WHAT IS EXPECTED.
Below is a block of entries; repeat all of it exactly but omit the pictures.

(EXERCISE INPUT begins)

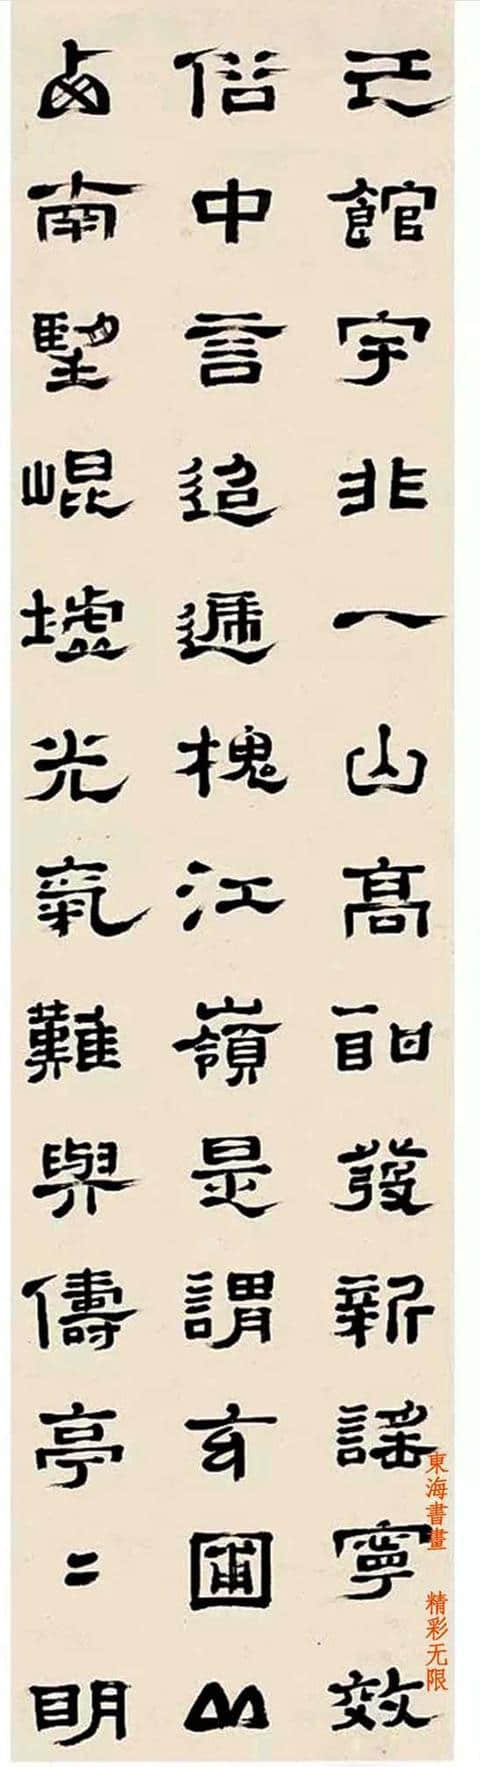 郑簠1669年作 隶书录《陶潜读山海经诗》十二屏
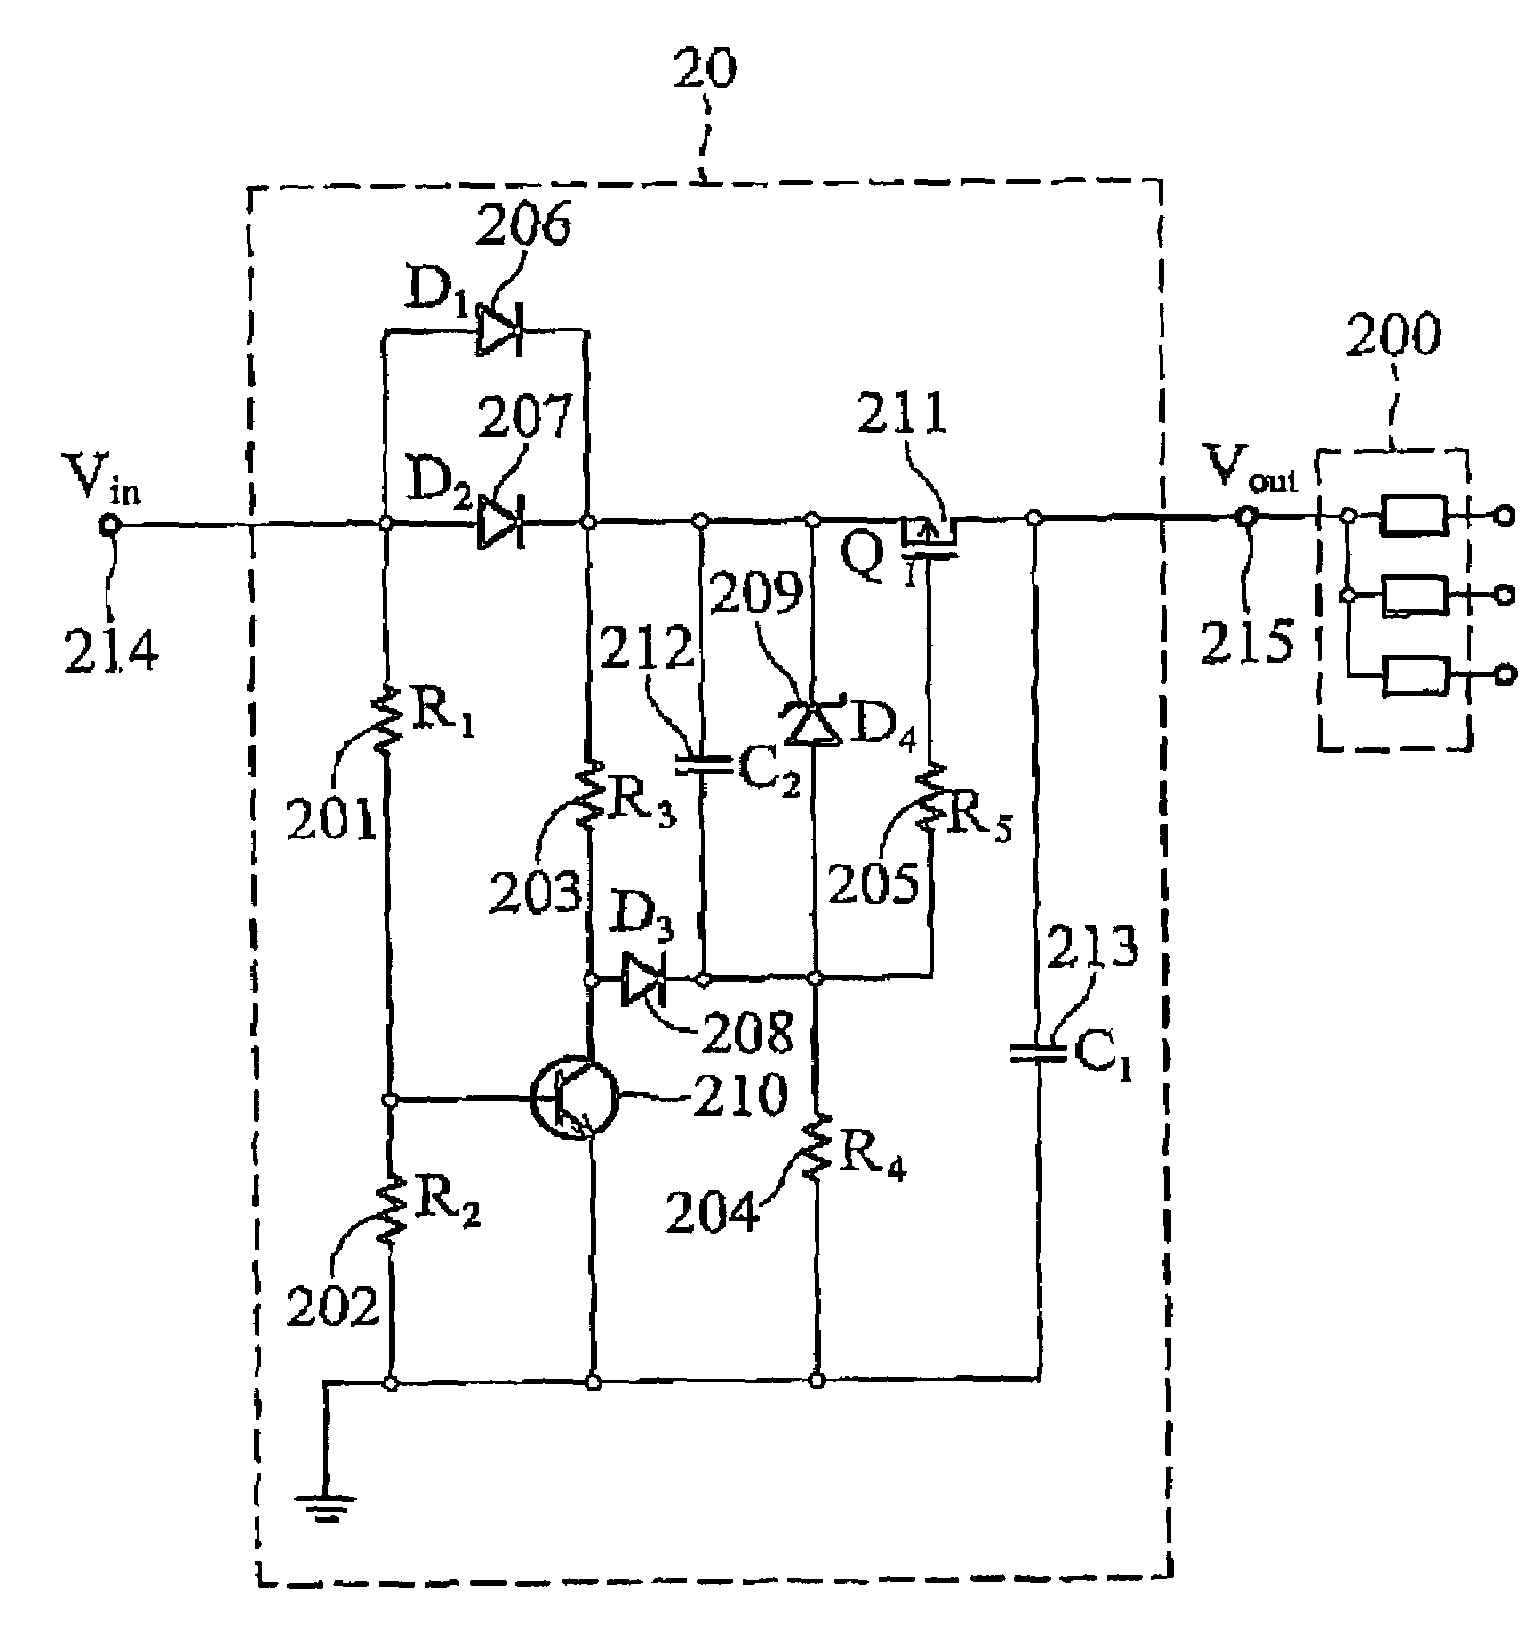 Hot-swap circuit system for fan tray module
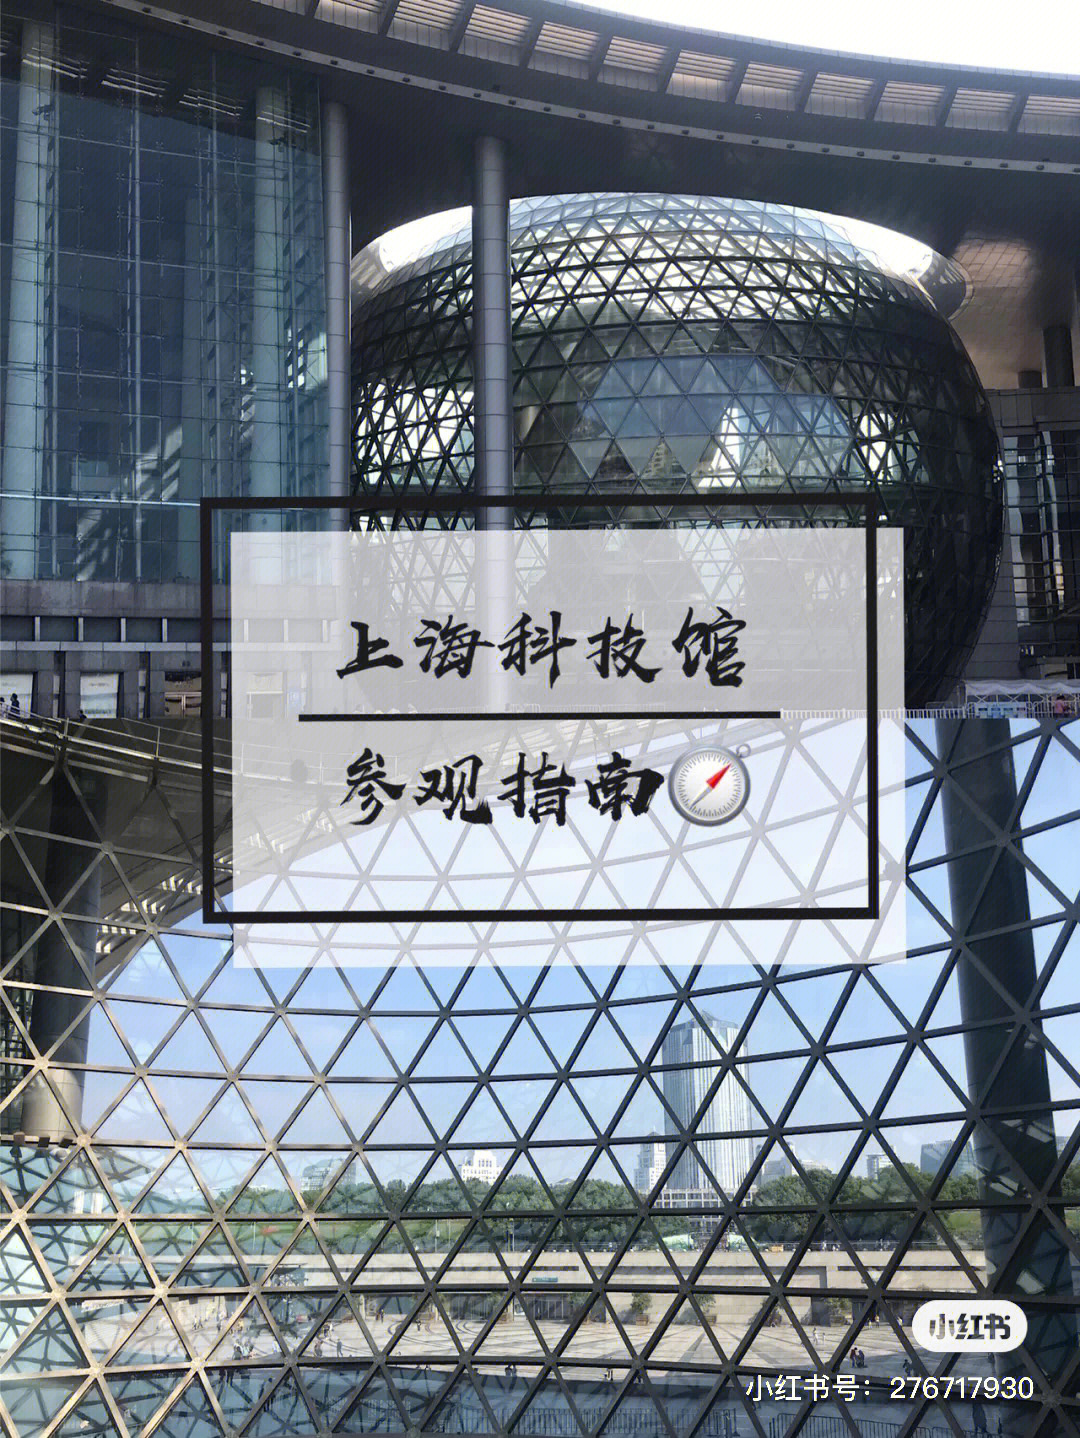 上海科科技馆攻略地理位置:浦东新区世纪大道2000号推荐交通:轨道交通
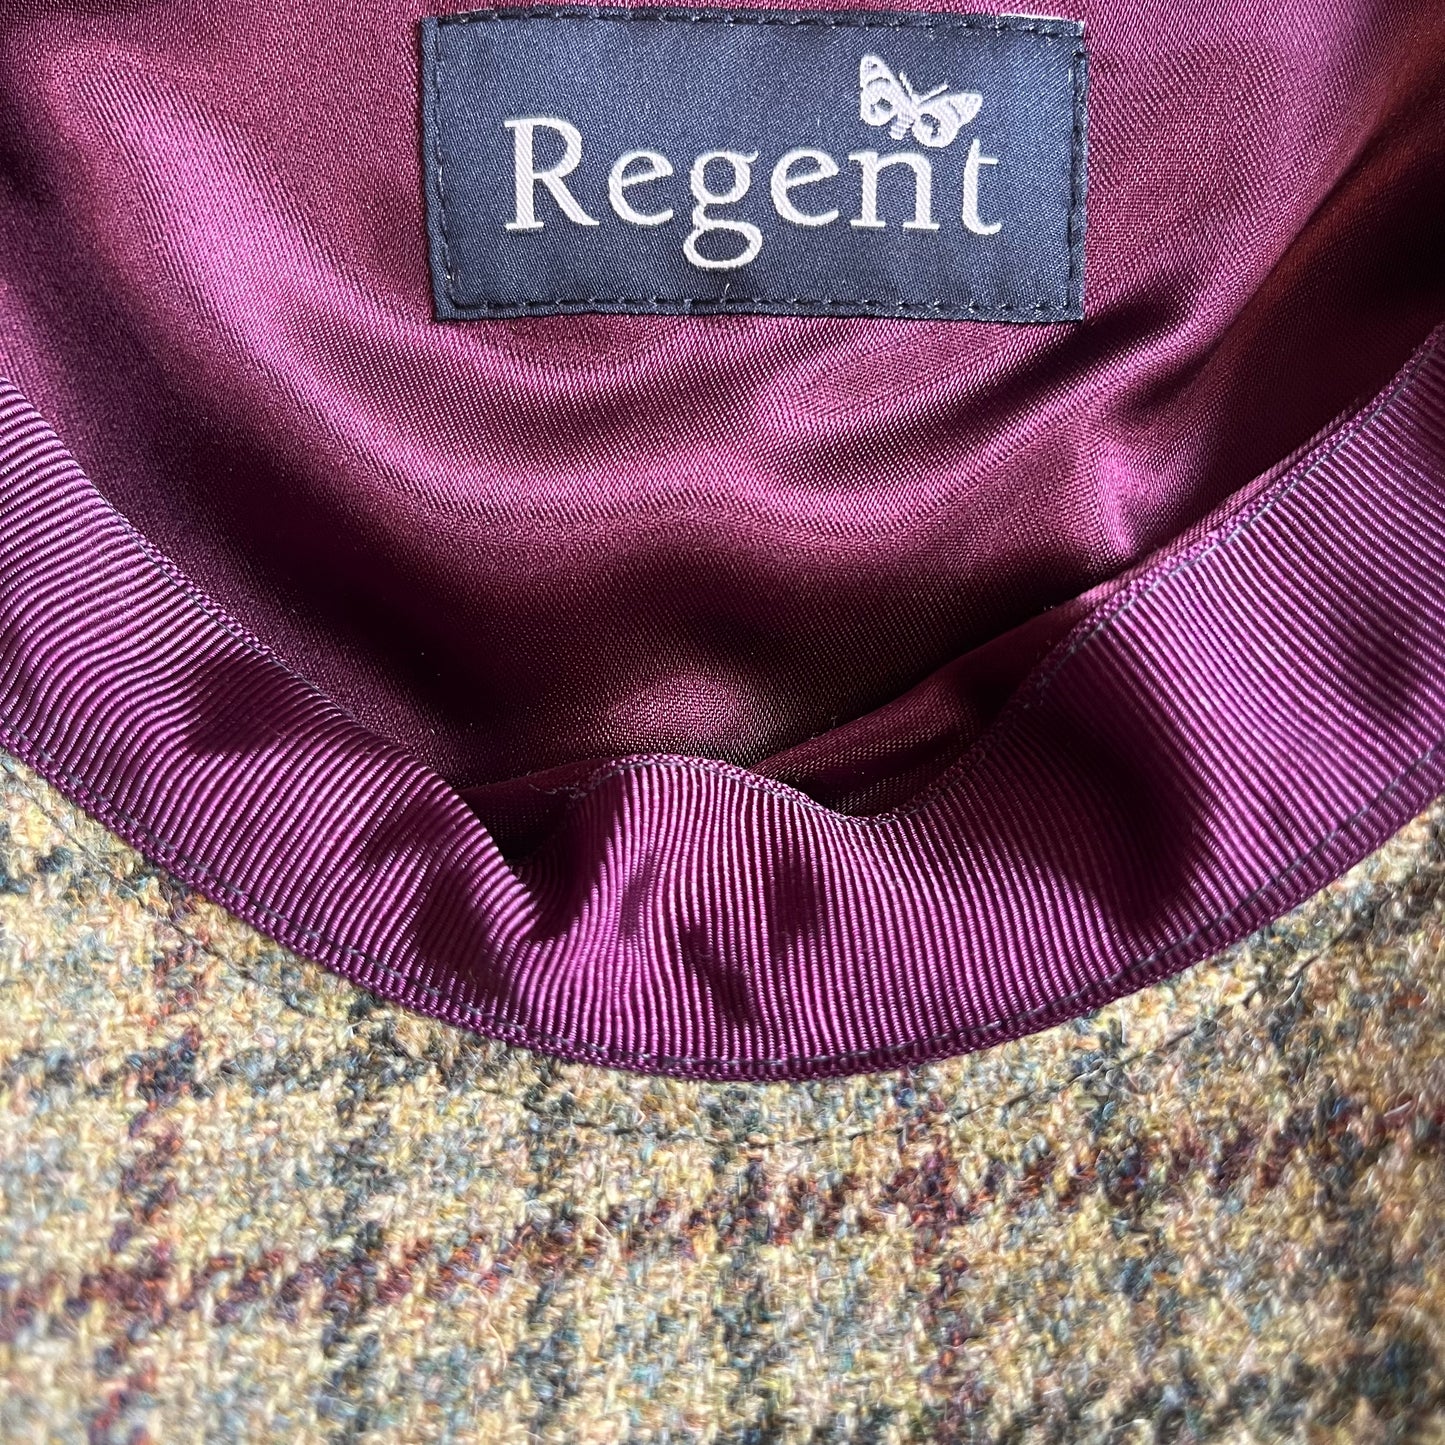 Regent - Baker Boy Cap - Green Tweed with Overcheck
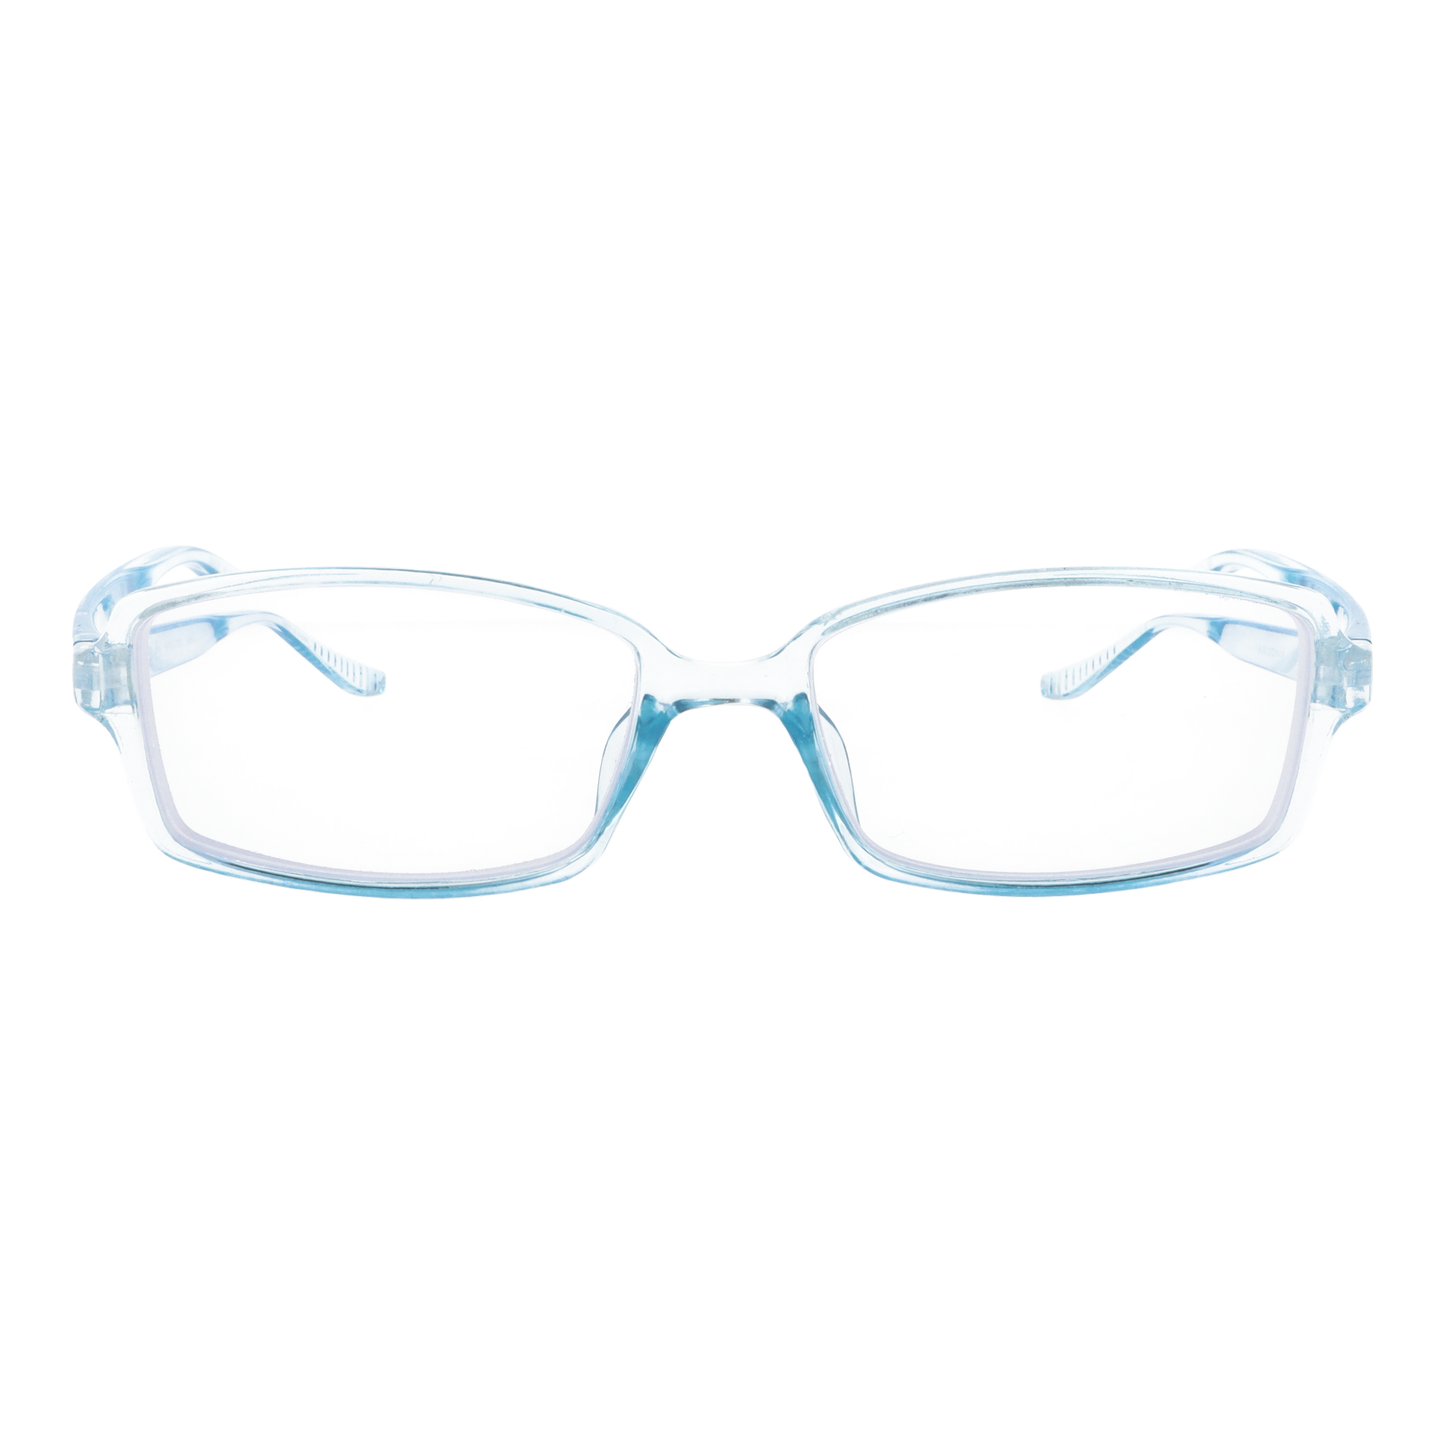 正面から見たアイウェア【お風呂メガネ】近視用のカラーアクアブルー

(EXERCISE INPUT ends)

WRITTEN REPLY.
 郑簠1669年作 隶书录《陶潜读山海经诗》十二屏
 Hot-swap circuit system for fan tray module
 上海科科技馆攻略地理位置:浦东新区世纪大道2000号推荐交通:轨道交通
 Regent - Baker Boy Cap - Green Tweed with Overcheck
 正面から見たアイウェア【お風呂メガネ】近視用のカラーアクアブルー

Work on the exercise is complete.